Thursday, May 17, 2012

What's a Carnival and Why Would I Want to be in One?

I have a post this week in the Carnival of Personal Finance which is being hosted by One Cent At A Time.

My post is joined by a great many other relevant posts, plus an extended (and funny) post by the Grumpies, Nicole and Maggie, on how to properly wash dishes. Why exactly that last one is part of a personal finance carnival is open to question, but at least you'll know what to do when the dishwasher is broken.

In general terms, a carnival is a collection of posts gathered over the past week or so and presented all in one place.

When I first started blogging, I thought the blog hosts simply surfed the blogosphere and picked out the most worthy writing.

Umm--not so much.

The reality is that blog hosts sit back, eat bon-bons, and wait for individual bloggers to fling their authorial contributions into the vast void. If they like what flies by, or if they are just in a good mood, or nothing better appeared in their mailbox that week, your post will become part of the carnival.

Most carnival hosts are good about sending e-mails telling you whether you made it in or not. Unfortunately, these e-mails are sent out the same day the carnival appears online so if you're the kind of blogger who is organized and sent in your contribution a week earlier (you know this is NOT Grace, right?) then you just have to wait. OTOH, if you contributed 2 hours prior to the deadline (Yep! That would be moi!), you get the information relatively soon.

The general thought is that having one's post find its way into a Carnival will increase blog traffic. It does, particularly if your contribution is highlighted in some special way, but many carnivals, like the Carnival of Personal Finance, are huge. My experience is that my post appears in a long list of others, and tends to get lost.

However, a better way to use a Carnival to generate traffic to your blog is to actually host a carnival. The carnival websites have sign up lists to do that. I couldn't tell you how it works or how much time it entails because I've never volunteered. It seems to require an ability to have a clever theme and to post cool pictures--both of which are more than I can manage.

Still, I do contribute. That's because I really like reading the Carnivals, where I often discover financial blogs that I would otherwise miss, or come across old friends whose sites I haven't recently visited.

My personal favorites are the Carnival of Personal Finance and the Festival of Frugality. You can view the latest Festival here.

8 comments:

Maureen said...

Thanks Grace not sure that I would have anything informative enough to contribute, but I love to read new blogs.....

nicoleandmaggie said...

It isn't how to *properly* wash dishes! It's how to *efficiently* wash dishes when you don't have a dishwasher. (My mother, for example, properly washes them, but wastes a lot of time and water doing so with her method.) It fits under frugality. Which is an option in the carnival of personal finance. So totally relevant.

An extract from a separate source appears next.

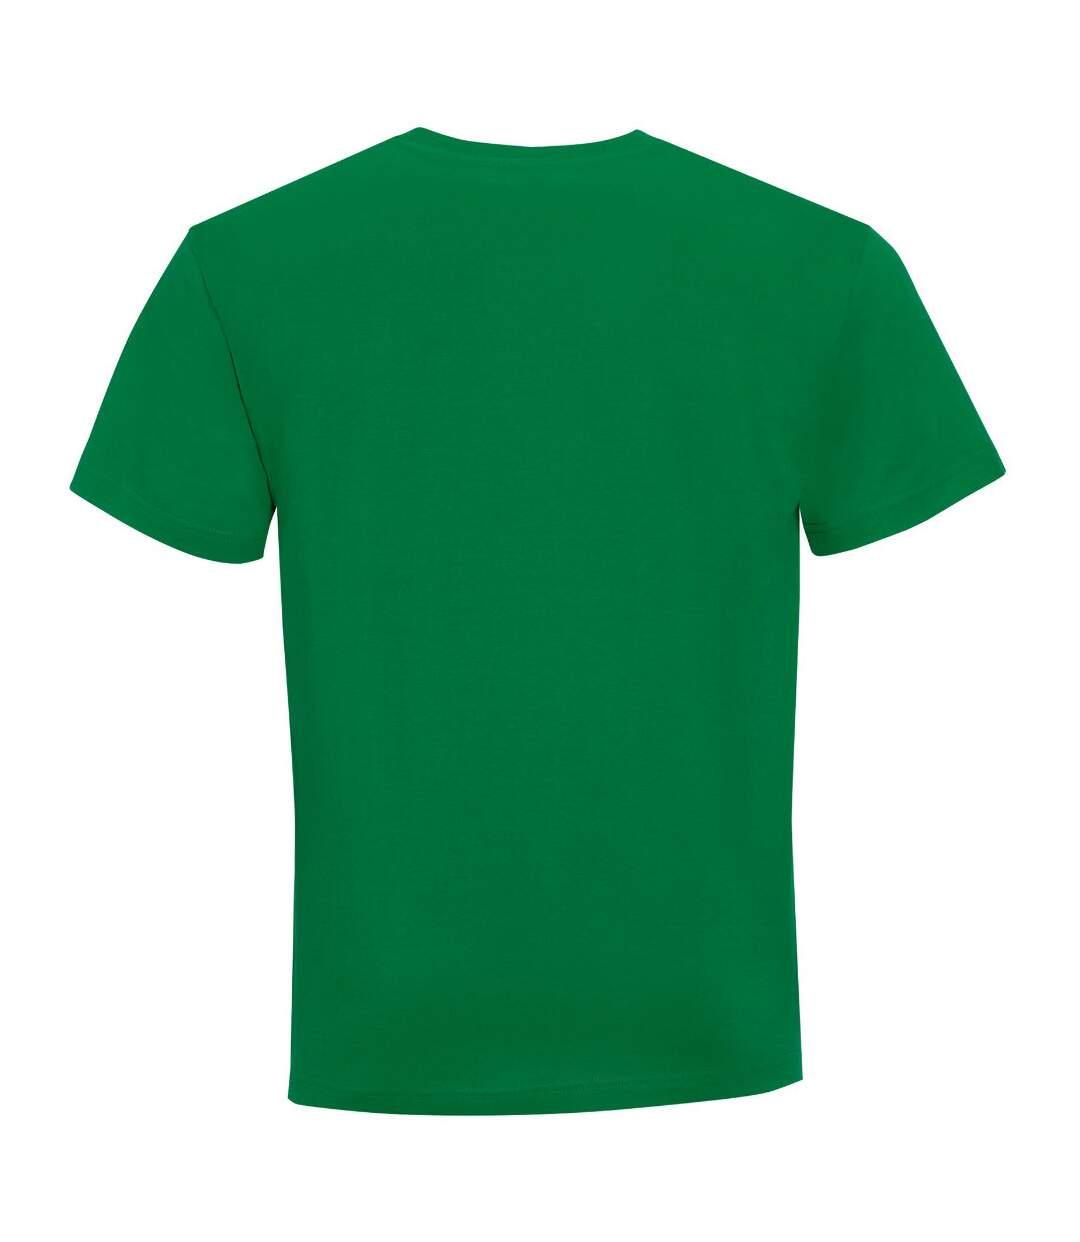 SOLS Mens Victory V Neck Short Sleeve T-Shirt (Kelly Green) - UTPC388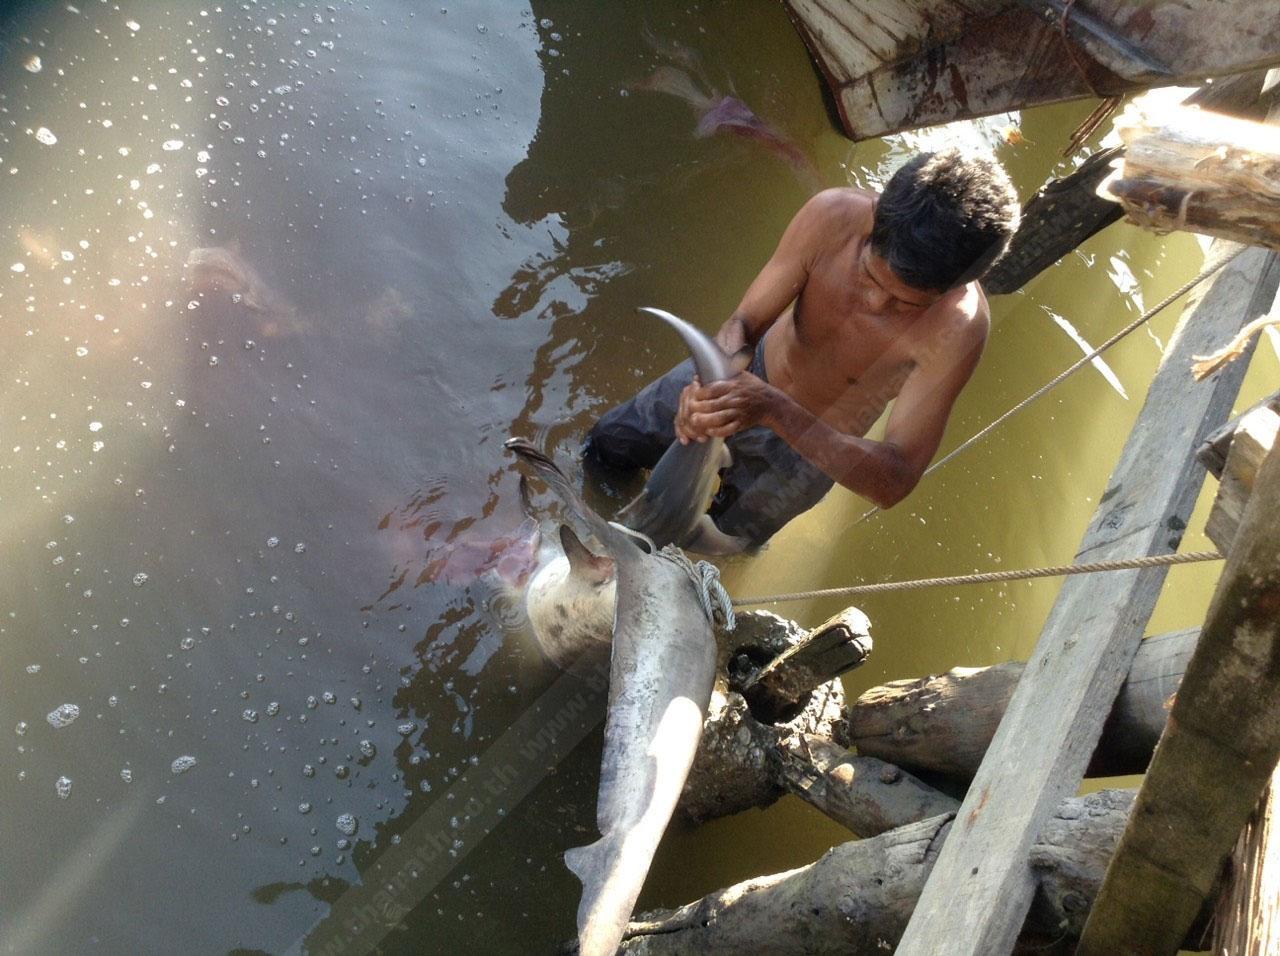 ชาวบ้านช่วยกันลากซากฉลามขึ้นฝั่ง เพื่อตรวจสอบ

There are plenty of ways to wash dishes that waste both water and time. This is the one that does the least, while also ensuring clean dishes (unlike the rinse things in a sink full of greasy water method that many Americans use).

We don't actually get a huge uptick in traffic even when we are an editor's pick. What happens is when The Simple Dollar or Get Rich Slowly decides to read through previous week's carnival picks and links... that's when the hits come. We also tend to get a few lingering hits from time to time even weeks after a carnival.

In our experience, Friday seems to be the best time to send if you want to be included in the CPF.

Jefferson said...

Grace.. The Carnivals are really about building back-links to your blog from other websites..

Having those links will increase your rankings and drive more search traffic to your blog posts.

I believe that the folks who read through every article on a carnival are few to none. It is all about link building.

SB @ One Cent At A Time said...

Grace thanks for linking back to the CoPF. Yes agree to Nicole and Maggie here, CoPF editor's picks are gateway to TSD and other top blogs' roundup. So keep on submitting to CoPF.

Jane said...

I've often wondered about those carnivals but so far haven't gotten involved so you're one step further up the "ladder to success" than I am. Perhaps some day when I have more time on my hands to figure out how to go about it! I'm a bit technically challenged too.

eemusings said...

I don't get much traffic from carnivals either. I recently hosted for the first time and that did result in a spike.

But as I QUICKLY learned after hosting, some people treat it very seriously as a link-building exercise for SEO - not referral - purposes.

Ick.

Anonymous said...

We've been getting a lot of traffic from this post though! Thanks, Grace. :)

Revanche said...

My mileage has varied in regard to traffic generated, I don't recall ever being an Editor's Pick (maaaybe once? Probably making that up?) but I still get traffic from time to time. I think it really helps the participants when the host puts time and effort into hosting with organization and creativity.

And youre right about emailing the participants, too, if they were all sorted early on, I'm sure it would help. But since the hosts have to wait until the cutoff before they can compile the whole thing, I expect the trend is such that no one wants to send multiple emails,one per individual, when they're going to send them at all.